I have a cronjob that executes every minute that uses awscli s3 sync command for syncing my website with a S3 bucket.

It seems the command sometimes run for a very long time for no apparent reason :

20613 bitnami   20   0  191876  48668   9756 R 30.3  2.4   1:22.43 /usr/bin/python3 /home/bitnami/.local/bin/aws s3 sync --delete /opt/bitnami/apps/wordpress/htdocs s3://nutriti-code

In this example, the files are already synced as there is nothing new on the source to transfer to the S3 bucket.

I cannot see any log in the /var/log/syslog except the confirmation that the command has executed successfully

Also my files are synced correctly.

Why would the command run for as long as 1m22s and more if there is nothing to sync ?

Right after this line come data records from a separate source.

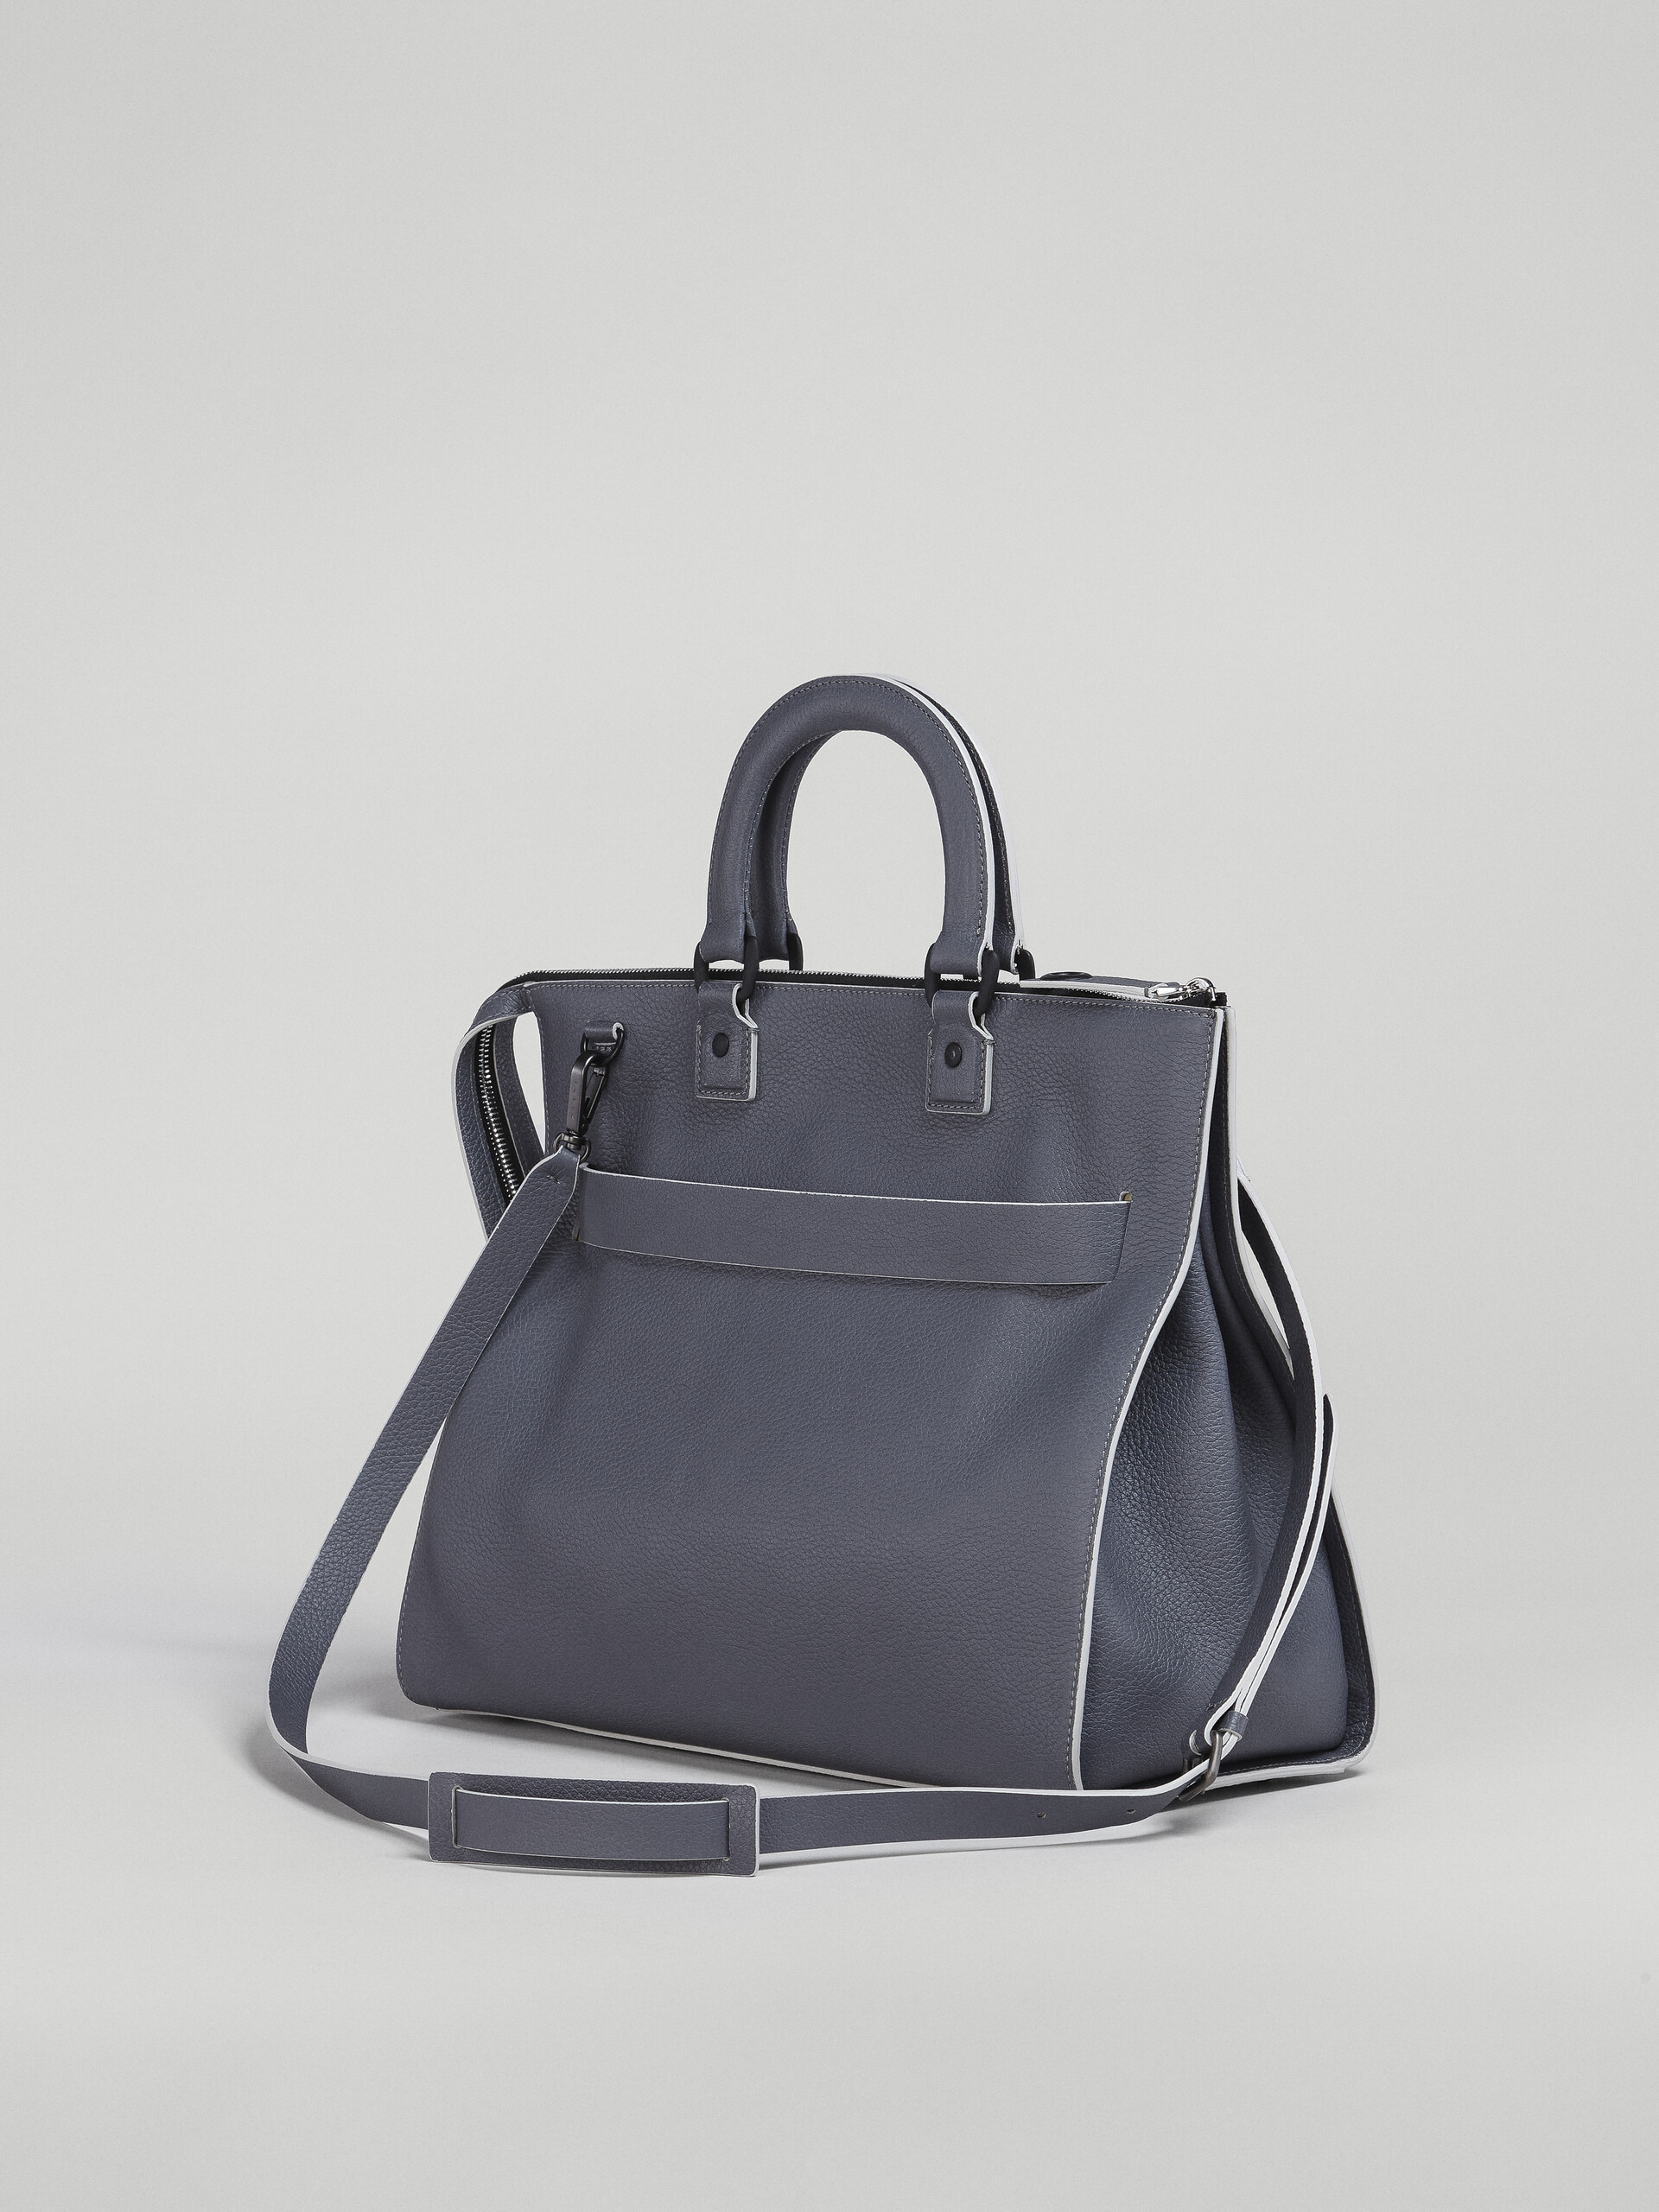 TREASURE bag in grey leather - Handbags - Image 3
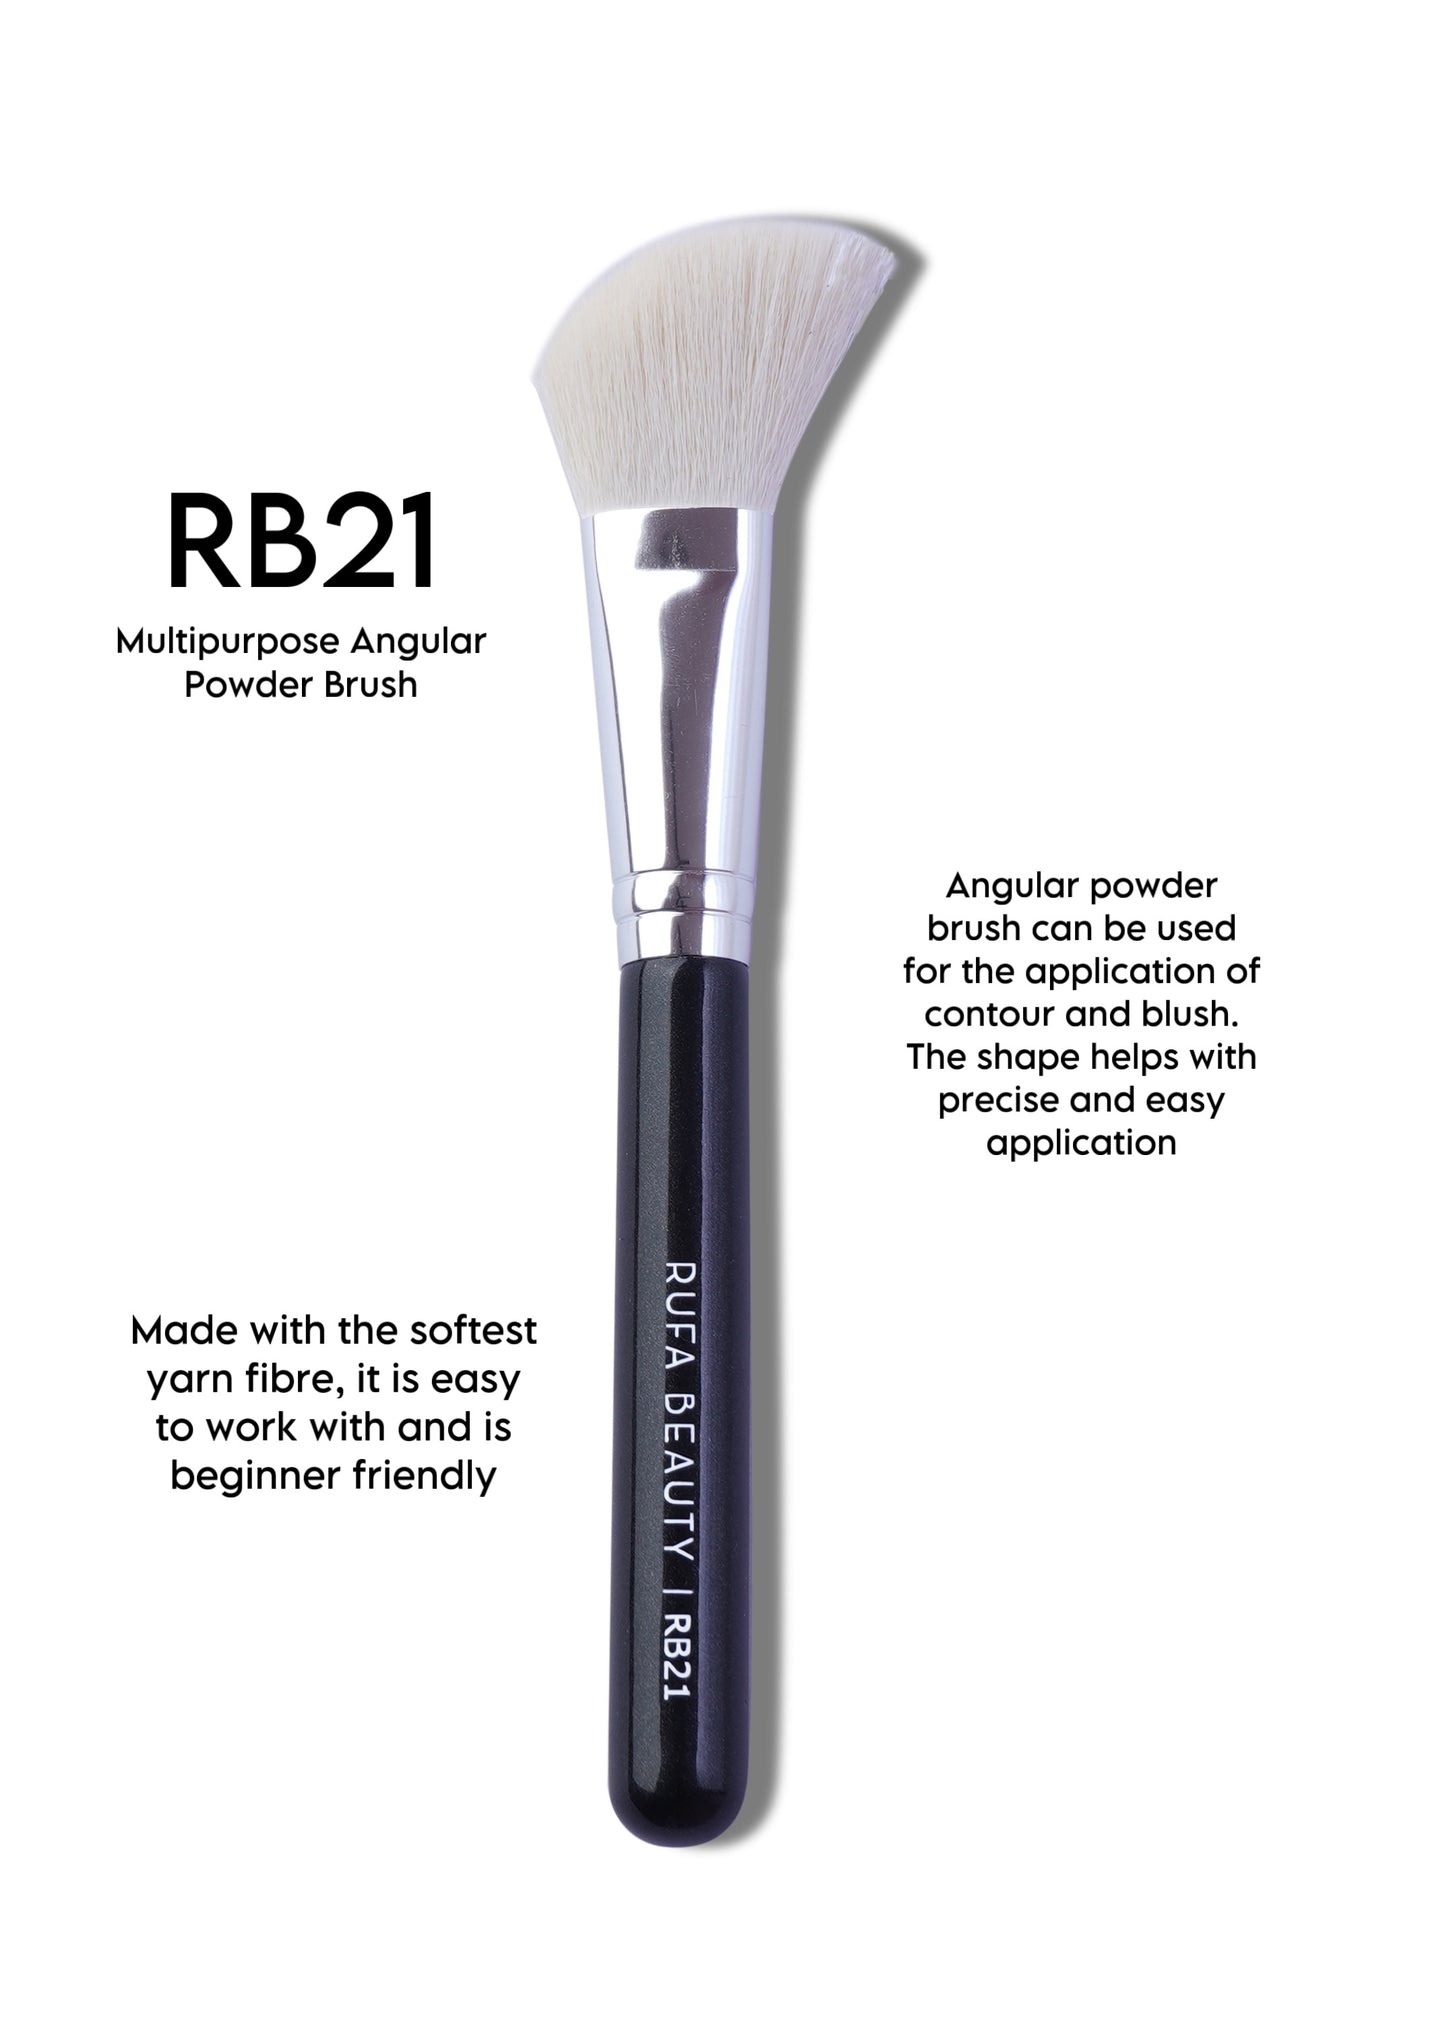 RB21 Angular powder Brush
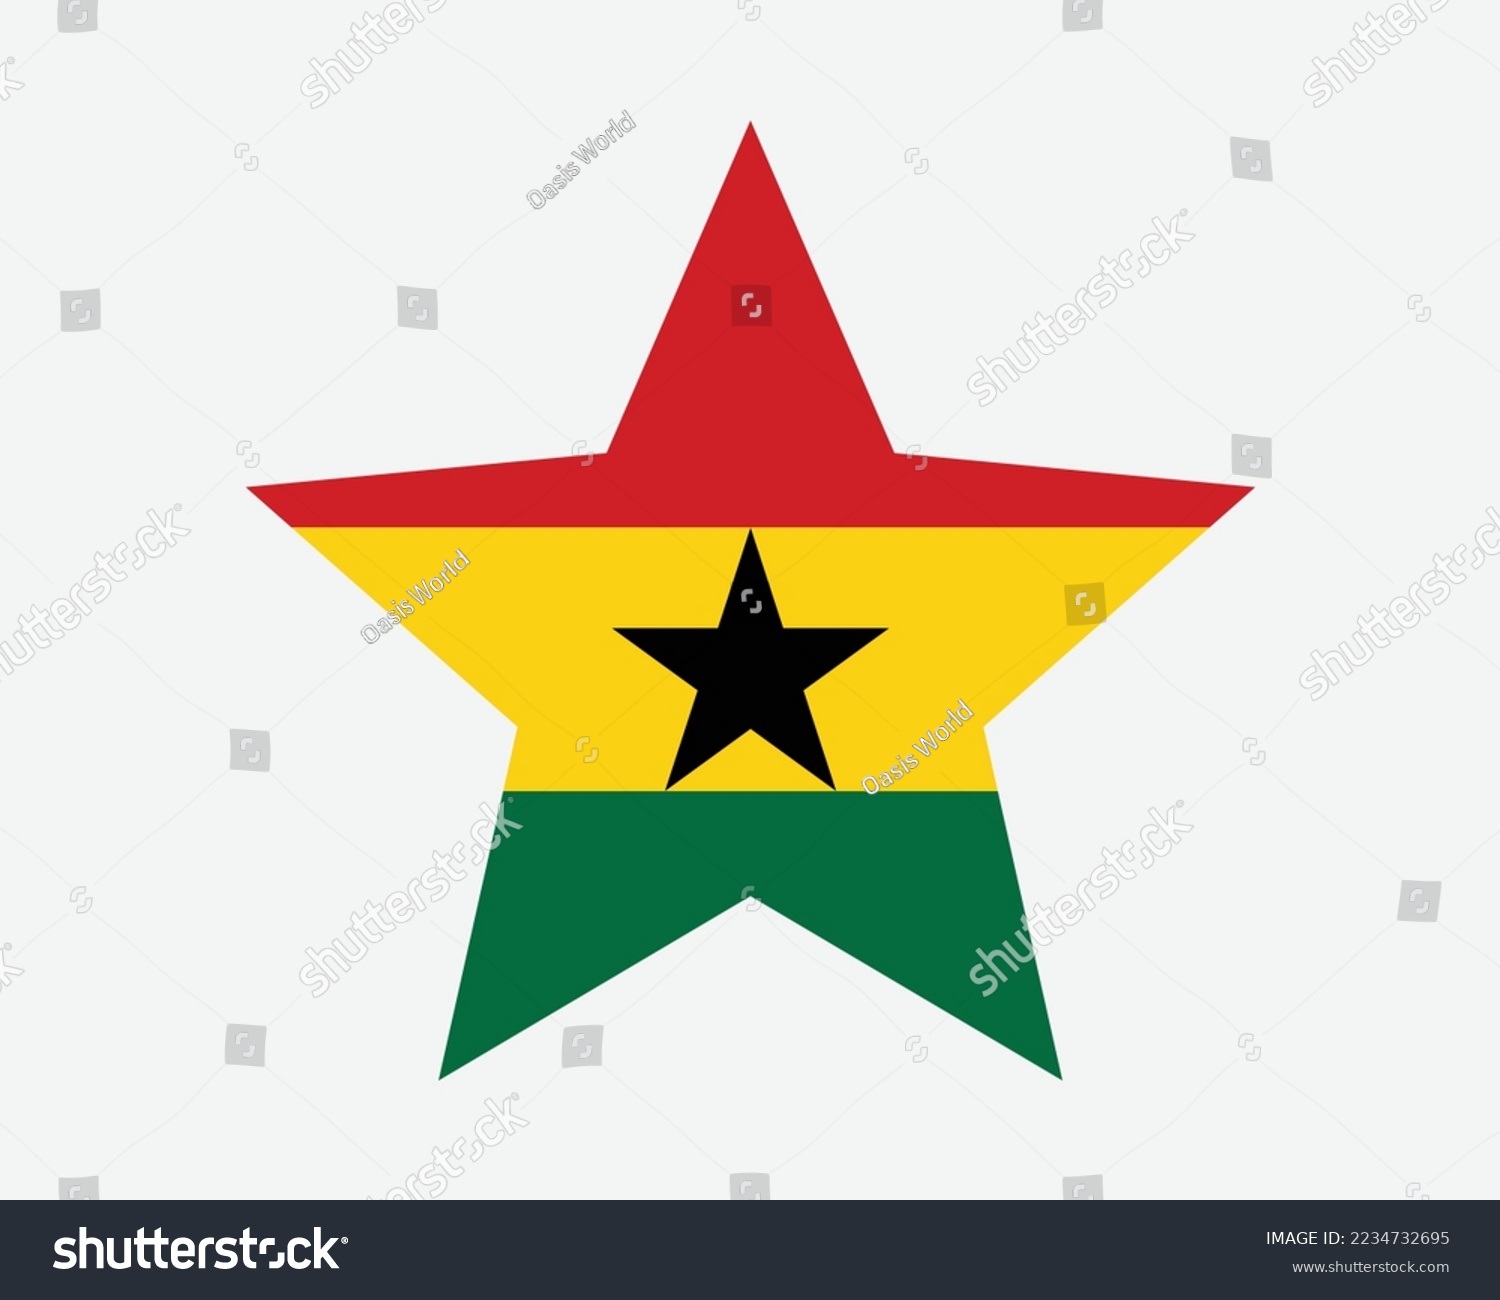 SVG of Ghana Star Flag. Ghanaian Star Shape Flag. Republic of Ghana Country National Banner Icon Symbol Vector Flat Artwork Graphic Illustration svg

I am wondering why the command take so much time because there is nothing to sync and an S3 object will be downloaded if the size of the S3 object differs from the size of the local file, the last modified time of the S3 object is newer than the last modified time of the local file, or the S3 object does not exist in the local directory. The last modified time of the local file is changed to the last modified time of the S3 object.

wlarcheveque
  • 131
  • 1
  • 2
  • 6
  • 2
    How can it determine if there is nothing new to sync? – Michael Hampton Mar 13 '19 at 18:22
  • Increasing parallelism may help (`aws configure set default.s3.max_concurrent_requests 50`) but if there are a lot of files (thousands/millions) it's always going to take a while to figure out *what* to sync. – ceejayoz Mar 13 '19 at 18:22
  • 1
    How many files are being sync'd? Are you using an S3 gateway, which could reduce latency? Why do you need your website sync'd every minute? If you're trying for a low RPO there are other ways of doing it. What risks or threats are you trying to protect your website from with sync's this often? I think a different approach is needed. – Tim Mar 13 '19 at 18:29
  • @MichaelHampton Does't `sync` command only sync the difference between source and target comparing timestamps ? Maybe I did not understand correctly. @ceejayoz Thanks, I will look into this. There are not so many files (3000 max). @Tim I am not using S3 Gateway I will ook into this. I change the cronjob to 10 minutes. I am using a writer node to S3 bucket and the Instances created by my AutoScalingGroup are reading nodes that will do the opposing sync to get the application files. I want to make sure my Instances have up-to-date application files. You are right one-minute is overkill. – wlarcheveque Mar 13 '19 at 18:54
  • @ceejayoz I changed the max_concurrent_requests and my problem still persists. The sync command runs for a long time and multiple sync command run at once until the host because unhealthy for the ELB. – wlarcheveque Mar 14 '19 at 18:36
  • I also suppose it is not normal that I have 4-5 different `aws s3 sync` processes running the same command at the same time. – wlarcheveque Mar 14 '19 at 18:59

1 Answers1

1

I suggest you have User Data run a sync command when instances launch, as well as a command to force update of the operating system (eg yum update -f, from memory, though that might not be quite right). Rather than syncing at intervals you might be better off with a manual or semi-automated approach.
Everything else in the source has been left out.